**Your objective:** Without including any pictures, reproduce all the lines below word for word.

**Collected data:**
* * * * *
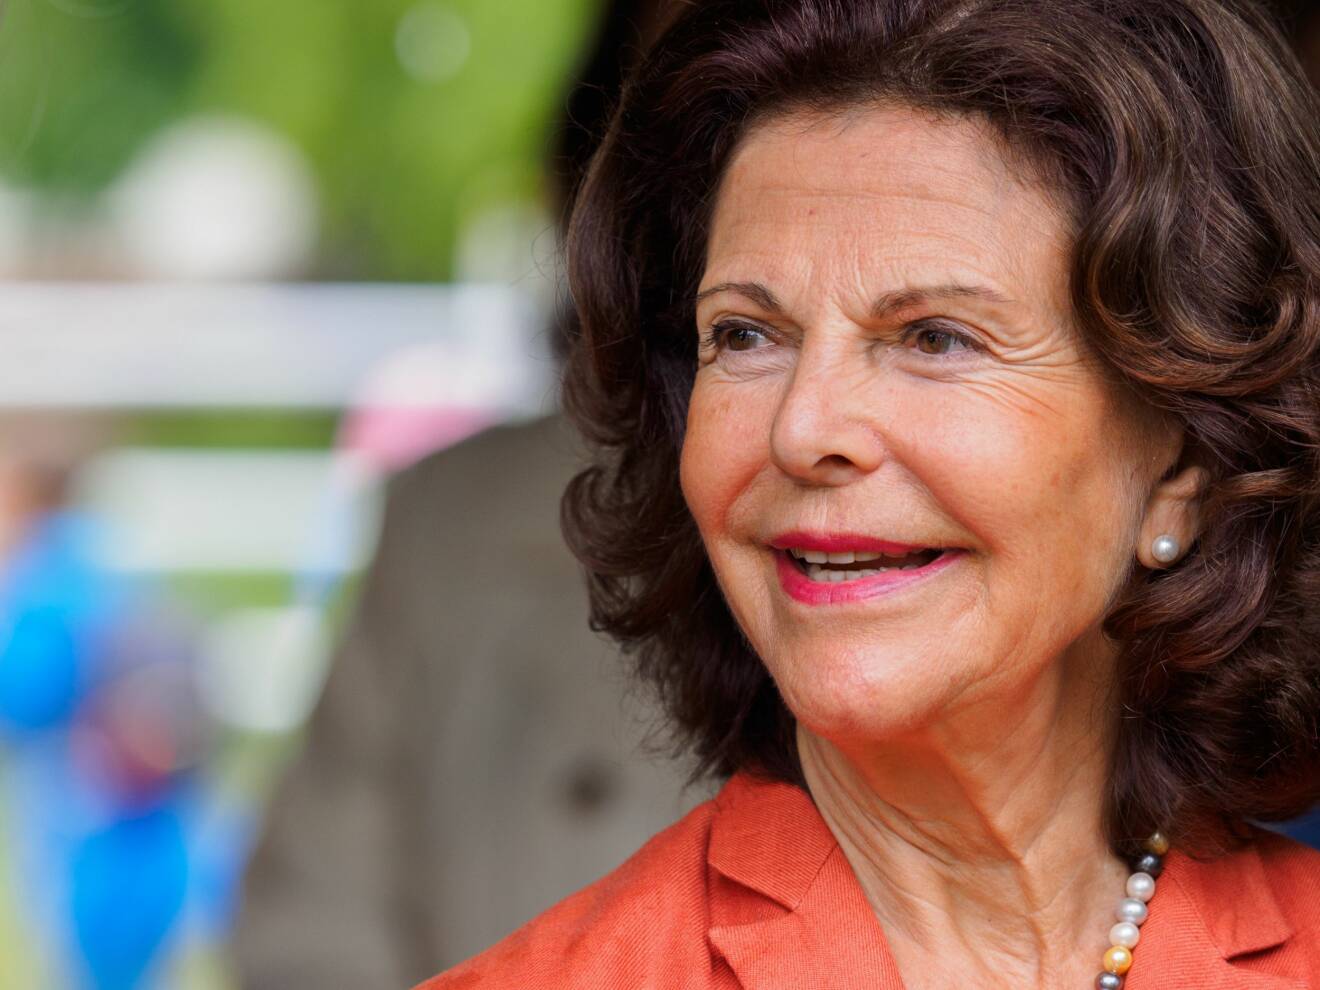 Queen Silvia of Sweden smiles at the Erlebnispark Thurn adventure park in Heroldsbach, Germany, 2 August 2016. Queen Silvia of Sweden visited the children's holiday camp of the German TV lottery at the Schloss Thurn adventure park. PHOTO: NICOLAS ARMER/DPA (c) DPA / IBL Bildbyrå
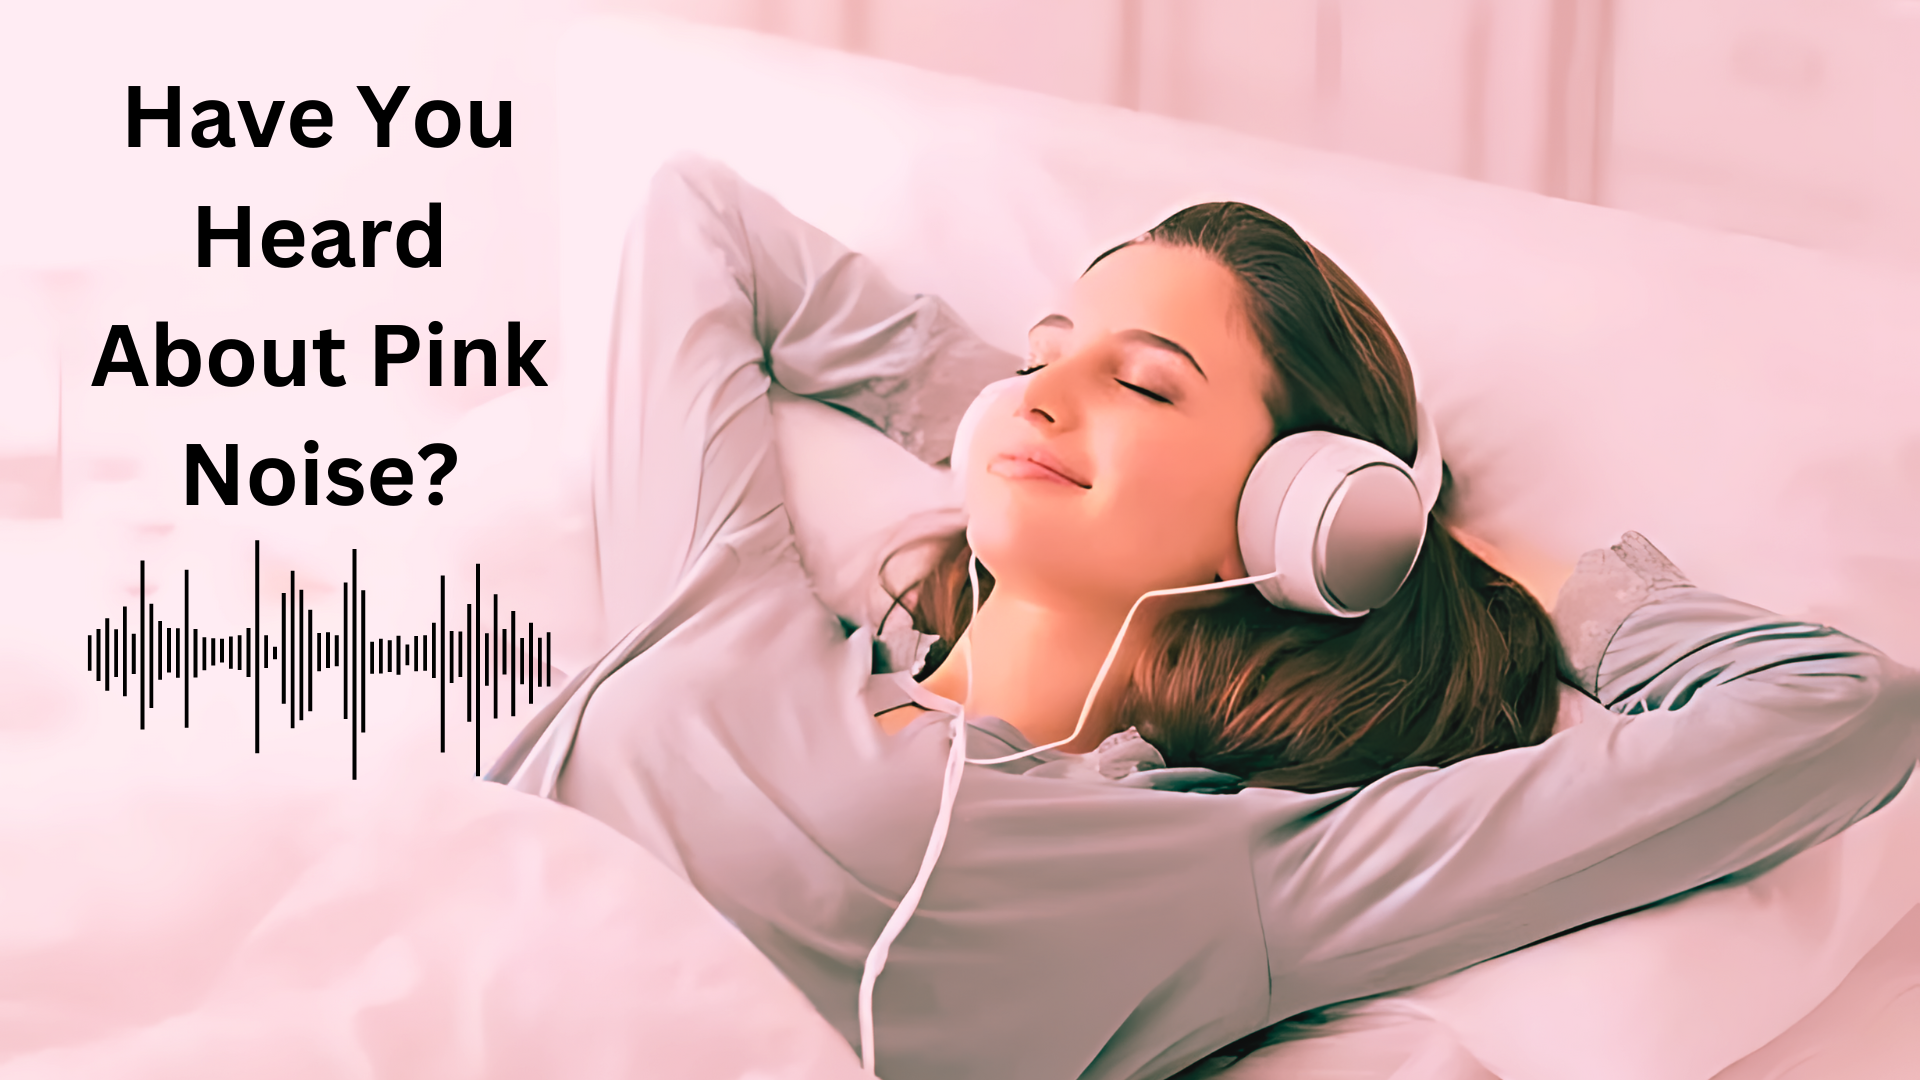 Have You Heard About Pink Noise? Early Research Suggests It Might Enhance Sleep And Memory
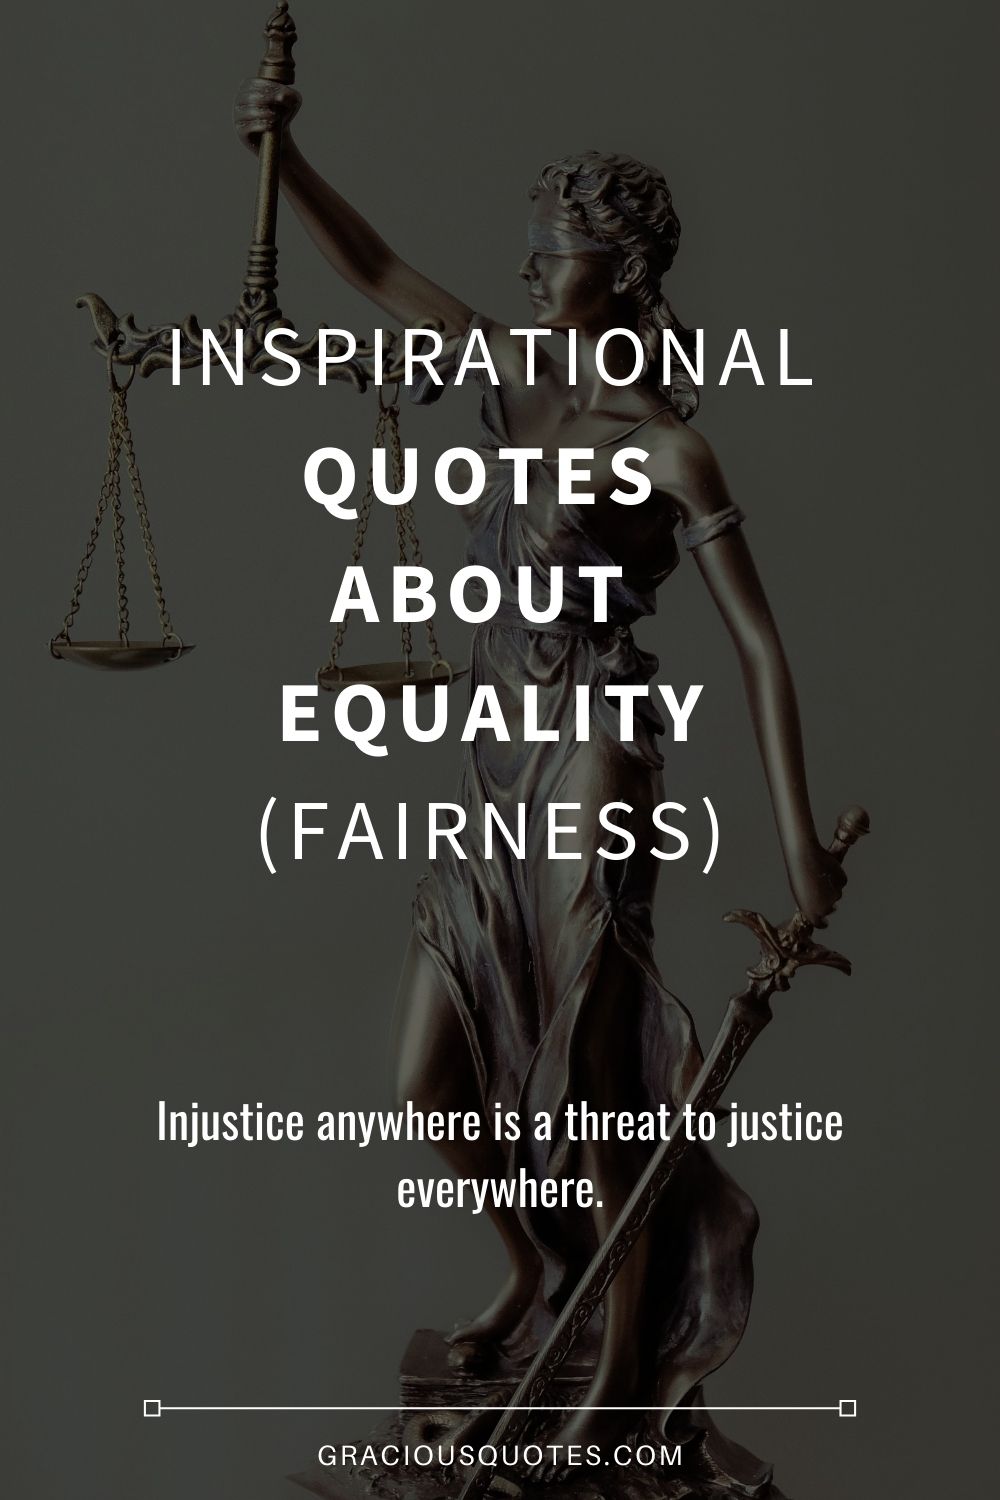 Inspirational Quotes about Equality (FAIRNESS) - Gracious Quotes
* * * * *
**Written response:**
 Queen Silvia of Sweden smiles at the Erlebnispark Thurn adventure park in Heroldsbach, Germany, 2 August 2016. Queen Silvia of Sweden visited the children's holiday camp of the German TV lottery at the Schloss Thurn adventure park. PHOTO: NICOLAS ARMER/DPA (c) DPA / IBL Bildbyrå
 Have You Heard About Pink Noise? Early Research Suggests It Might Enhance Sleep And Memory
 Inspirational Quotes about Equality (FAIRNESS) - Gracious Quotes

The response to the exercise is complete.